On observe ensuite le retour en force de la rue. « Ce n’est pas la rue qui gouverne », assénait Jean-Pierre Raffarin. Dix ans plus tard, battre le pavé est revenu en grâce. La généralisation des réseaux sociaux et des téléphones portables y sont pour beaucoup. Comme on l’a vu lors du combat contre le mariage gay, les rassemblements peuvent être à la fois disséminés, démultipliés et quasi-spontanés. Les responsables politiques peuvent être harcelés dans leurs déplacements. Le mouvement des Indignés dans le sud de l’Europe et surtout celui du Printemps arabe ont démontré que la rue avait retrouvé un haut potentiel pour les contestataires.

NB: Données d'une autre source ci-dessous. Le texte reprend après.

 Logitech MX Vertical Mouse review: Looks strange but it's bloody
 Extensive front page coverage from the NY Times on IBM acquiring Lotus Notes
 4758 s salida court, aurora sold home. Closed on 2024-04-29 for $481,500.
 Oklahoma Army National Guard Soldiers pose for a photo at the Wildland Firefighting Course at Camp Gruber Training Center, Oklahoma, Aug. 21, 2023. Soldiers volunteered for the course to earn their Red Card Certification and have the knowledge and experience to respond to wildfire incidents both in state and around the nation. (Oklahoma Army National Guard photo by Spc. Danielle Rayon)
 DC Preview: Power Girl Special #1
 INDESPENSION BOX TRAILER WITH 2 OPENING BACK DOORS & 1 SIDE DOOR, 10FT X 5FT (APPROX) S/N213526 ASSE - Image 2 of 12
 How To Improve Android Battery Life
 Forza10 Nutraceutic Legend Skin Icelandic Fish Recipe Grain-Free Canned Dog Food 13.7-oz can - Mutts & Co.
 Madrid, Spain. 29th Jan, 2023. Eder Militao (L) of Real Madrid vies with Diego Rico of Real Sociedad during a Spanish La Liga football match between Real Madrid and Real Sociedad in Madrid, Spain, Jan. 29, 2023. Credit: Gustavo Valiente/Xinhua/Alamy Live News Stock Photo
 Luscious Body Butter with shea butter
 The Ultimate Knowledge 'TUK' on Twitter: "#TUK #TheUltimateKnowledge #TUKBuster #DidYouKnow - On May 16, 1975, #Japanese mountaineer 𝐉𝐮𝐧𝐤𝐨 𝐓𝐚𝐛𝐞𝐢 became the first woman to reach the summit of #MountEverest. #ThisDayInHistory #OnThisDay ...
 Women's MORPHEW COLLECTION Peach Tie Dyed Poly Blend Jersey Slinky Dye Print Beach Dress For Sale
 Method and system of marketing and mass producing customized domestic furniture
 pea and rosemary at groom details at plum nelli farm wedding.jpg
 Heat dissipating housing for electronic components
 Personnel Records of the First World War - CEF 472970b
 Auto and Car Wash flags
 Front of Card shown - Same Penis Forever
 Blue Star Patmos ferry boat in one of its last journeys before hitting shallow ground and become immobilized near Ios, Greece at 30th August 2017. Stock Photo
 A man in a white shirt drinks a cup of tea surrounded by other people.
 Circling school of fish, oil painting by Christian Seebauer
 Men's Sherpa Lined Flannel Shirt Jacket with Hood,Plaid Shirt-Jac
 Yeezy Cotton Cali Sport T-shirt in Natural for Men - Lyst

Enfin, la dynamique « Bleu Marine » éclipse peu à peu la ténébreuse extrême droite. Le FN, sans même changer de nom, a réussi sa mue en termes d’image. Seuls 47% de Français (contre 75% en 1997) considèrent ce parti, auparavant voué aux gémonies, comme un danger pour la démocratie. Le récent sondage simulant un premier tour de présidentiel, plaçant Marine Le Pen à 22%, au même niveau que François Hollande, devant Nicolas Sarkozy, n’a pas étonné les observateurs politiques. Les résultats de la législative partielle dans l’Oise en mars dernier, mettant le candidat frontiste à 48% au second tour, talonnant le candidat UMP, avaient annoncé la couleur. L’électorat UMP, lui-même, semble de plus en plus tenté par d’éventuelles alliances électorales (56%, +9 points depuis novembre). Le discours anti-système du FN, dans le climat actuel, est plus audible que jamais. Par ailleurs, l’image de Marine Le Pen, jugée comme capable de prendre des décisions (pour 69%) tranche avec celle de Français Hollande, jugé peu capable d’avoir de l’autorité (14%). Or, les Français recherchent un chef (à 86%) pour remettre de l’ordre, ont besoin deconnaître le cap. 

Quatre années sans élection nationale majeure s’annoncent. Aucune soupape en vu, excepté un éventuel changement de Premier ministre. Pour le pouvoir, le tunnel s’annonce long et dangereux face à la rue et aux extrêmes, avides de se nourrir des frustrations montantes.